2002 terrorist incident in Kuwait

The Failaka Island attack took place on October 8, 2002, when two Kuwaiti citizens with ties to al-Qaeda jihadists in Afghanistan attacked a group of unarmed United States Marines conducting a training exercise on a Kuwaiti island, killing one before being killed themselves. The attackers were reported to have served as volunteers with the Taliban in Afghanistan, prior to the U.S. invasion of that country in response to the September 11 attacks of 2001.
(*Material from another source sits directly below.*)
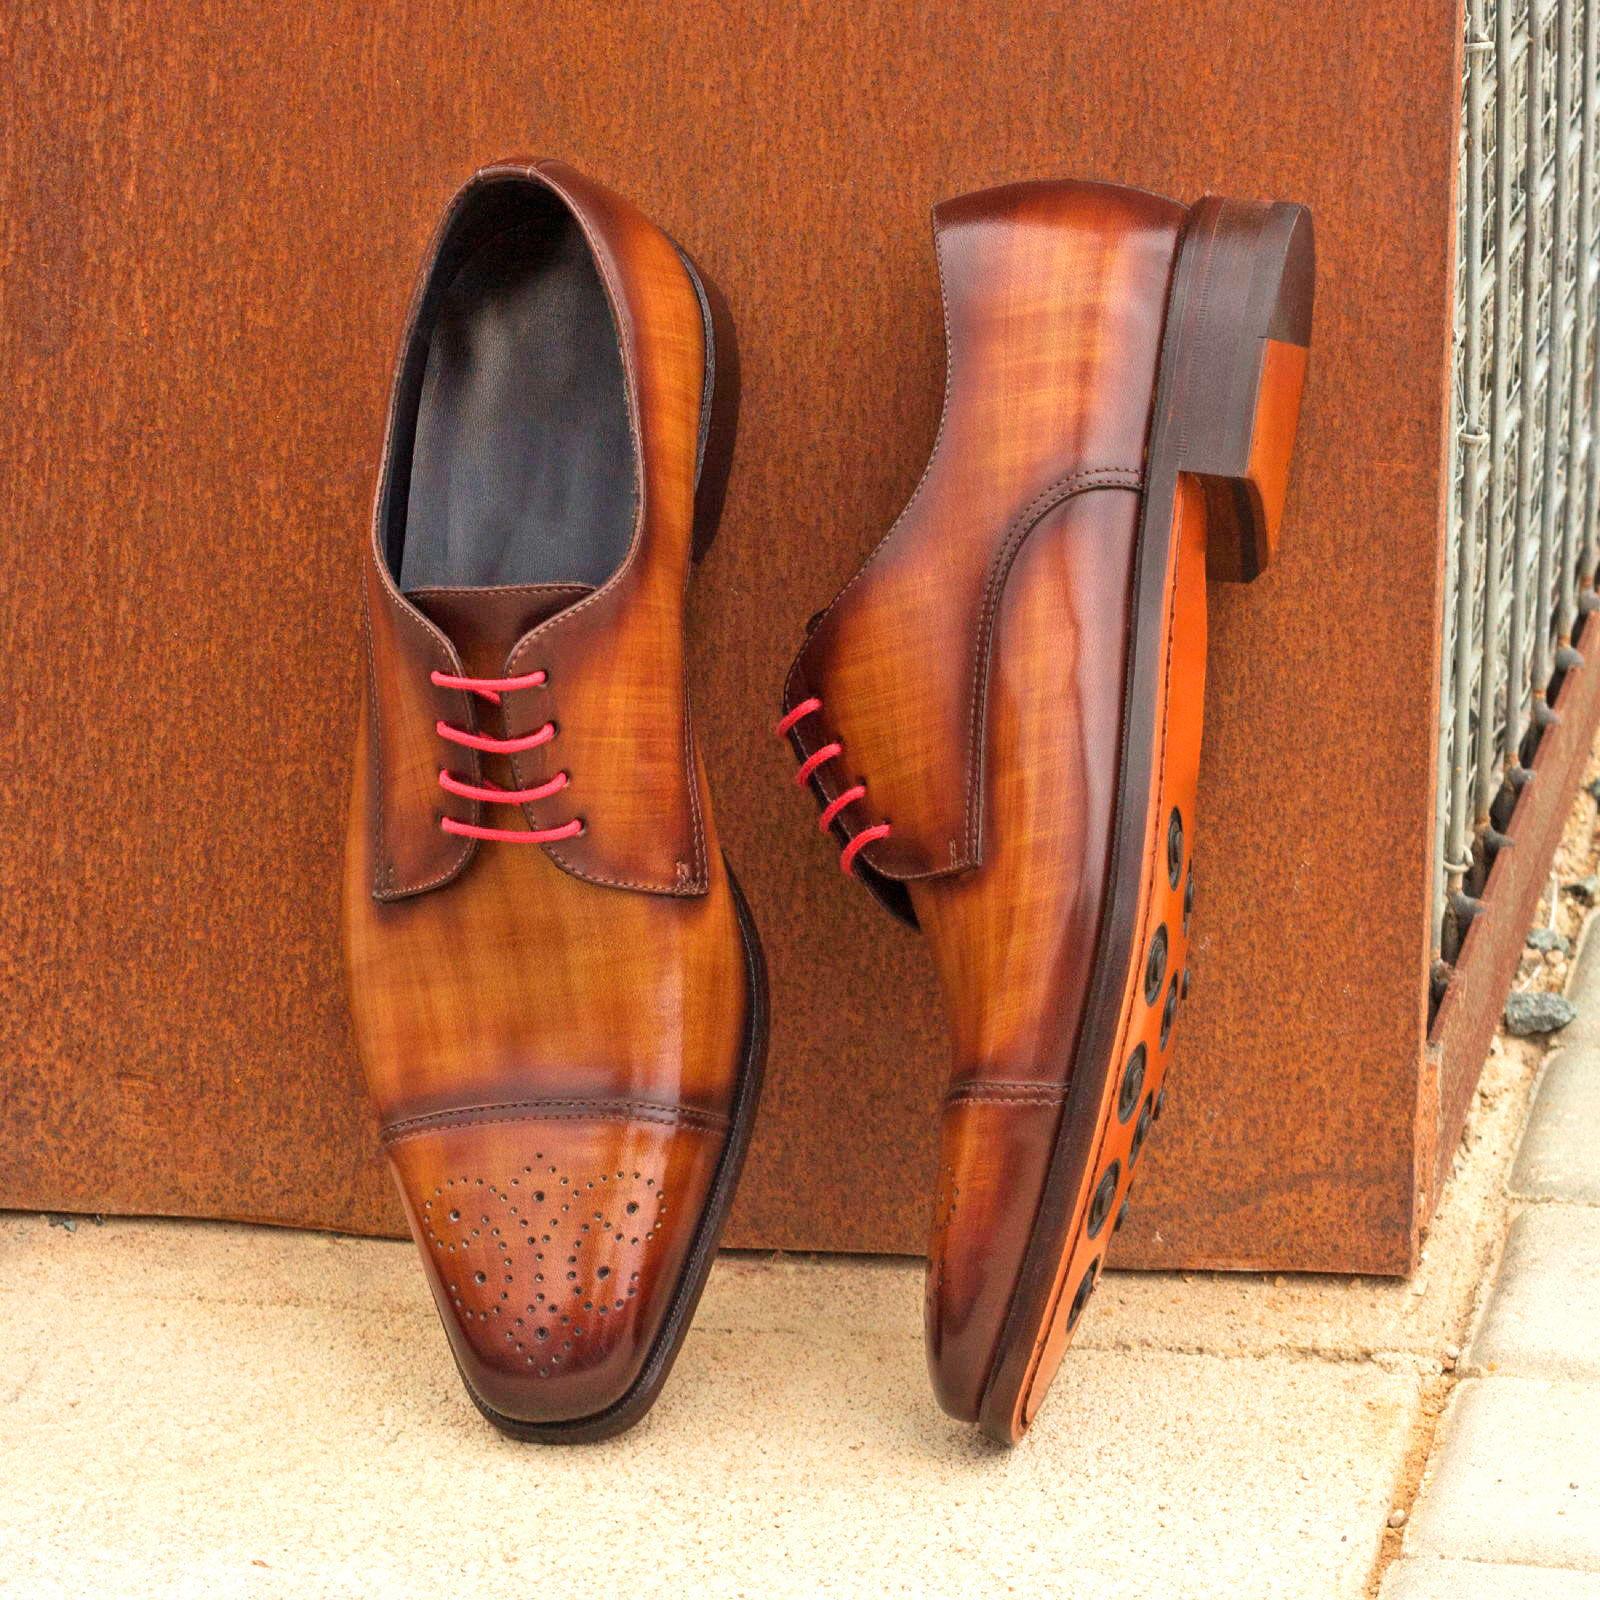 Les différences entre les chaussures richelieu et derbies homme et femme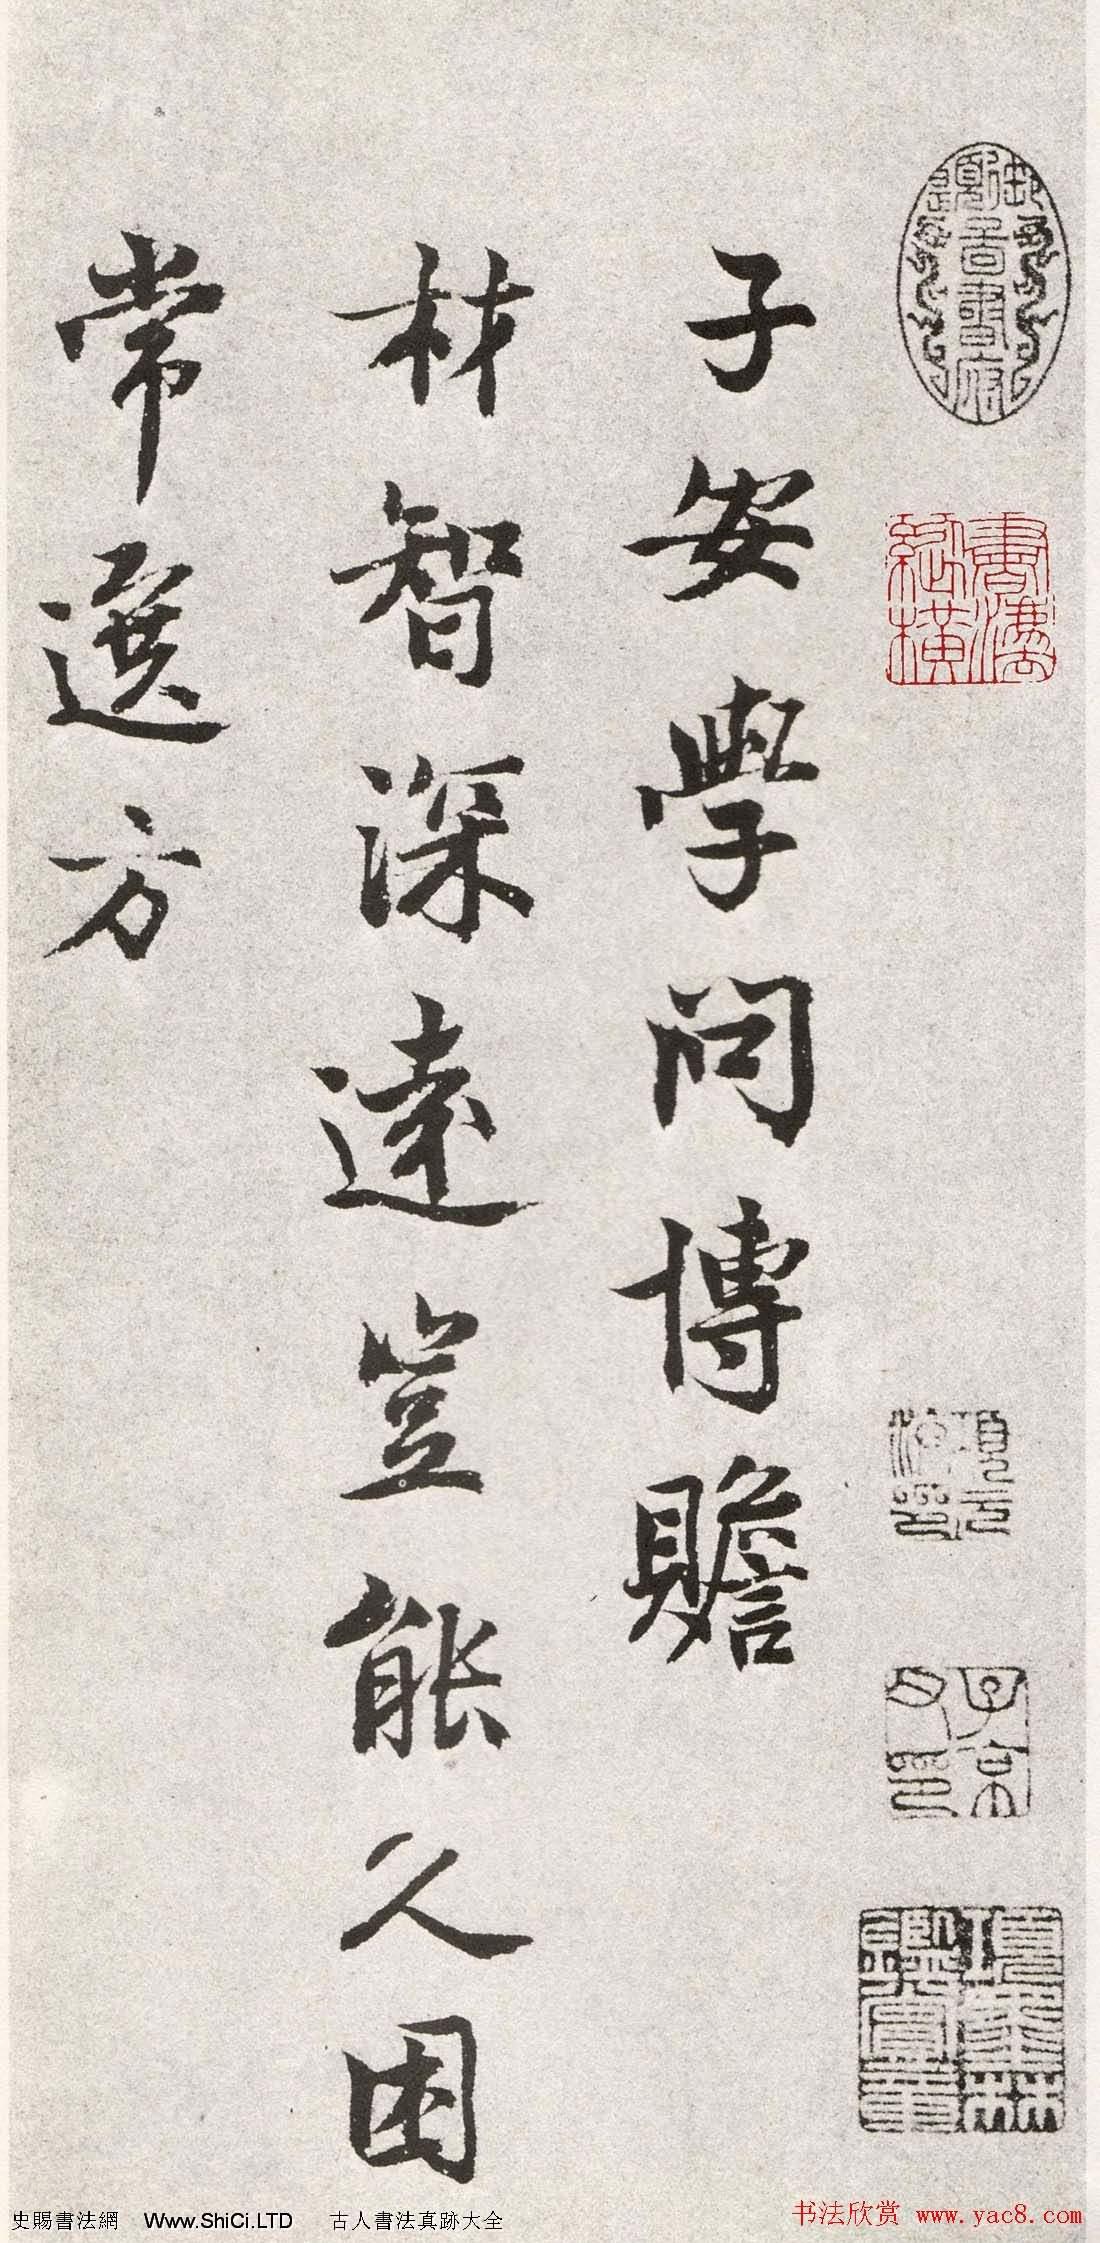 呂公弼行書尺牘真跡欣賞《子安學問博贍》(共2張圖片)

The Marines were on a training exercise on Failaka Island, an island off the coast of Kuwait. One U.S. Marine was killed and another was seriously injured. The two Kuwaiti attackers were killed after Marines returned fire in self-defense. The marines' rifles were loaded with blank rounds for the training exercise, but they were able to engage their Kuwaiti attackers with their pistols.

==Background==
In October 2002, an element of approximately 150 U.S. marines from India Company and Lima Company of Battalion Landing Team, 3rd Battalion, 1st Marine Regiment, 11th Marine Expeditionary Unit were on Failaka Island as part of Eager Mace, a joint annual U.S. and Kuwaiti military amphibious assault training exercise. Eager Mace had begun the previous month and had 2,000 U.S. marines participating in it in total. For the part of the exercise that took place on Failaka Island, it was conducted by U.S. forces only.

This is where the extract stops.